La peinture abstraite, il n’y a pas qu’à la villa du Parc qu’on la rencontre. Au détour du dernier conseil municipal du 26 mars 2013, le beau discours de M Becquet sur l’état des finances locales et les perspectives de son évolution pour le futur proche, était formidablement poétique. Tous les chiffres s’enchaînaient dans une présentation lisse des finances annemassiennes, éclairée par les tableaux projetés sur l’écran surmontant l’orateur, réminiscence de la lumière bleutée descendue des vitraux de la Sainte Chapelle. Tout allait bien dans la meilleure gestion du monde. Le budget était en équilibre, le bougre, pas la plus petite ombre de déficit structurel, un recours à l’emprunt modéré, une autosatisfaction qui n’avait d’égale que la marge d’autofinancement. C’était à peine si les dépenses de fonctionnement augmentaient de plus d’un point au-dessus de l’inflation, tout comme le poste principal (plus de 22 millions d’euros) des charges de personnels. Un rien. Seul l’esprit chagrin de François Vigny trouvait à y redire. Les conseillers de la majorité communiaient dans un silence respectueux avec le ministre du Culte de Mammon le maudit. Impossible même de critiquer sa cécité au monde. En introduction, juste après une citation bien sentie d’Alain sur la relation entre l’optimisme et la volonté, opposé au pessimisme fils incestueux de l’humeur, il prenait soin de décrire l’effondrement de l’occident avec les accents prophétiques de l’apocalypse selon Jean. (Je sais, j’exagère).  Louis Mermet devait d’ailleurs le féliciter de prendre enfin conscience de la réalité.

Il reste un point avoué par le maire et son ministre, d’une extrême importance politique. Comme les sous de l’État (la dotation générale de fonctionnement) vont fondre dans les prochaines années, et qu’il leur paraît, heureusement, difficile d’augmenter les impôts, qu’il leur paraît tout aussi délicat de diminuer les dépenses, surtout dans les contextes électoraux à venir, il ne leur reste qu’une seule solution pour boucler les futurs budgets : réduire l’autofinancement, c’est à dire l’investissement. Cela a été dit expressément.

L’aveu est de taille. Il signe la fin d’un certain discours.

Ce n’est pas l’excellence de sa gestion qui permettait et permet encore à l’équipe majoritaire qui gère la ville depuis trente ans, à la fois d’investir et de dépenser beaucoup dans tous les domaines. Non c’est plus simple. C’est l’opulence des finances qui résulte simplement de recettes supplémentaires, supérieures à 25 % de la totalité des recettes courantes : les fonds frontaliers et le casino.

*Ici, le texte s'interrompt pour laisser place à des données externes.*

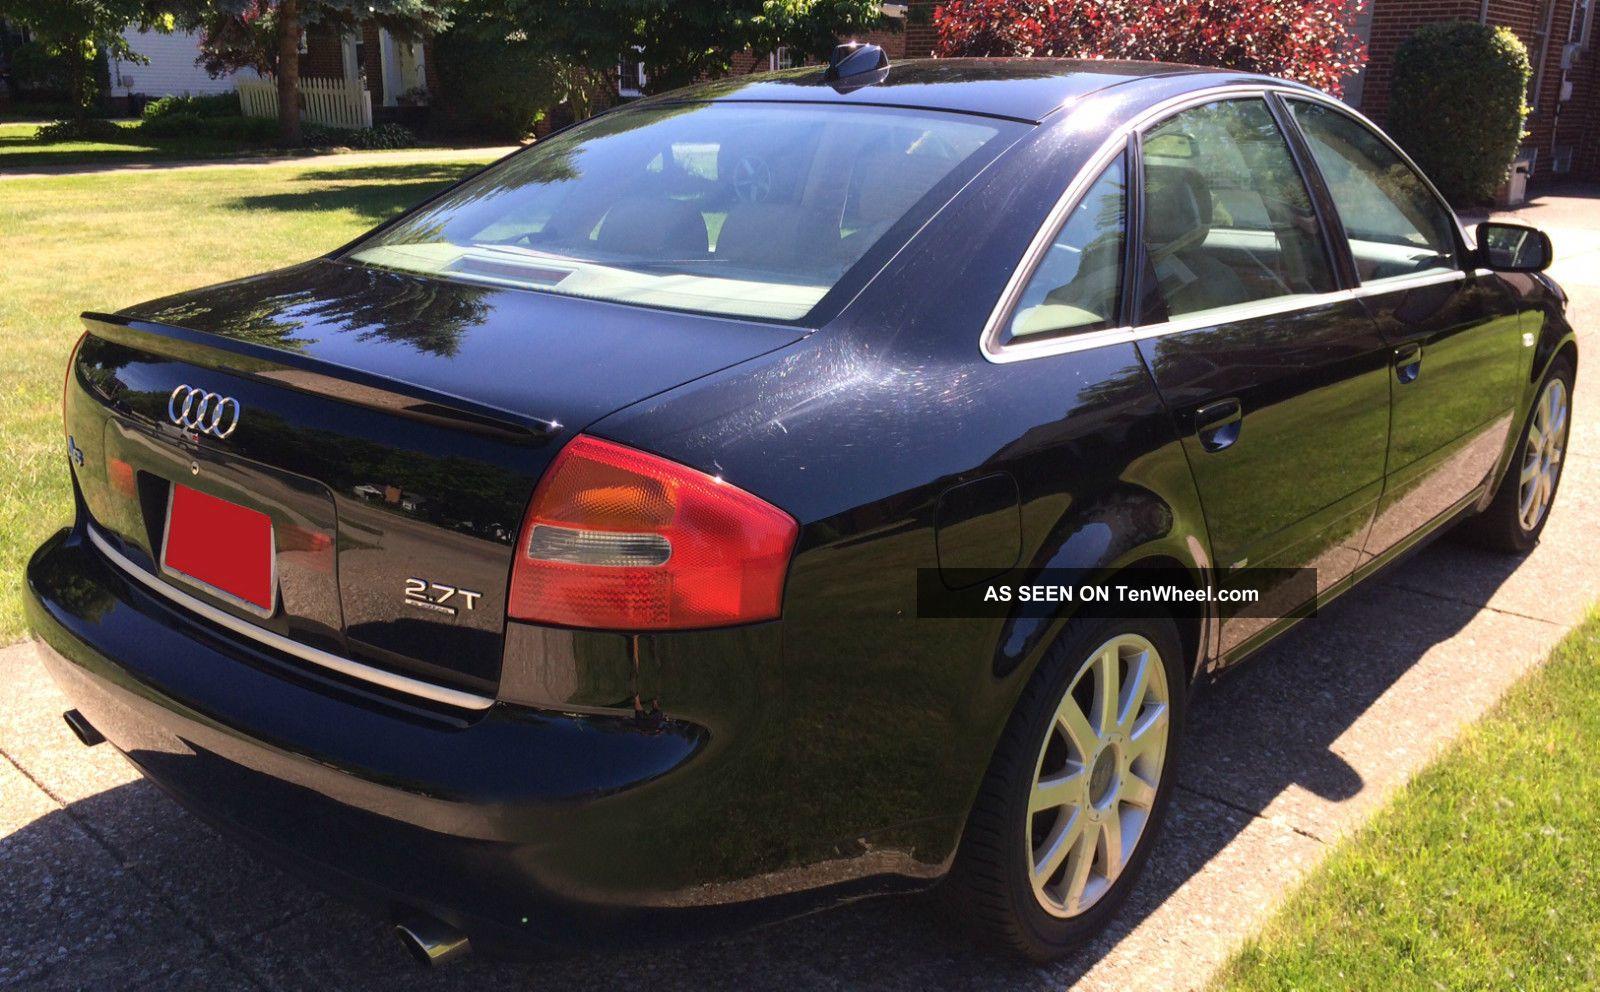 2004 Audi A6 Quattro S - Line 2.  7l V6 Twin Turbo All Wheel Drive Title A6 photo
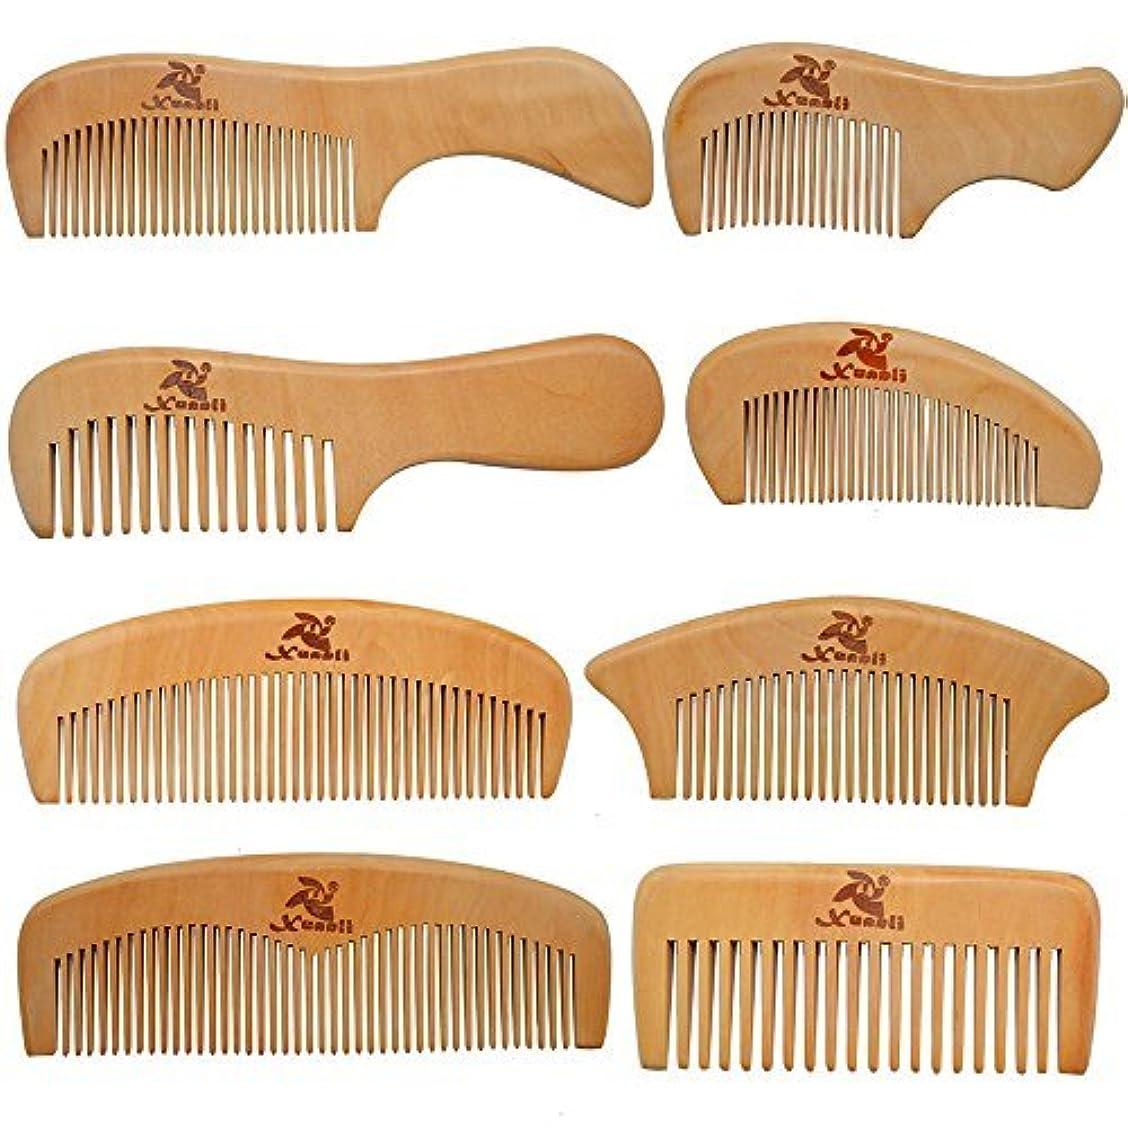 住む付属品ジャンルXuanli 8 Pcs The Family Of Hair Comb set - Wood with Anti-Static & No Snag Handmade Brush for Beard, Head Hair...

Et une autre vérité éclate. La part d’autofinancement, qui est l’excédent des recettes sur les dépenses courantes, et qui sert à investir, diminue au fil des ans en proportion. Cette part représente aujourd’hui en gros un dixième du total du budget. Or, elle devrait en représenter le quart. Elle devrait, dans une rigoureuse gestion, être égale au montant des recettes exceptionnelles que sont les fonds frontaliers et le produit des taxes sur le casino.

Au lieu de cela, c’est une part moindre, moitié moindre qui est consacrée à  l’autofinancement, et donc à l’investissement.

Ce qui signifie clairement que la gestion n’est pas aussi rigoureuse qu’elle le prétend. Les chapitres des dépenses dans le budget sont atteints d’obésité à Annemasse. Mais cela reste dans l’ombre. Sous les projecteurs il y a une apparence de bonne gestion, manifestée par la marge d’autofinancement qui se transforme en investissement. On investit et on dépense. Mais en fait on dépense beaucoup et on investit peu en proportion compte tenu des 12 millions d’euros supplémentaires apportés par des recettes exceptionnelles, dont aucune ville comparable ne dispose. Les chiffres présentés annuellement par l’équipe majoritaire sont beaux comme une peinture abstraite. Il faudrait simplement un peu plus de réalisme.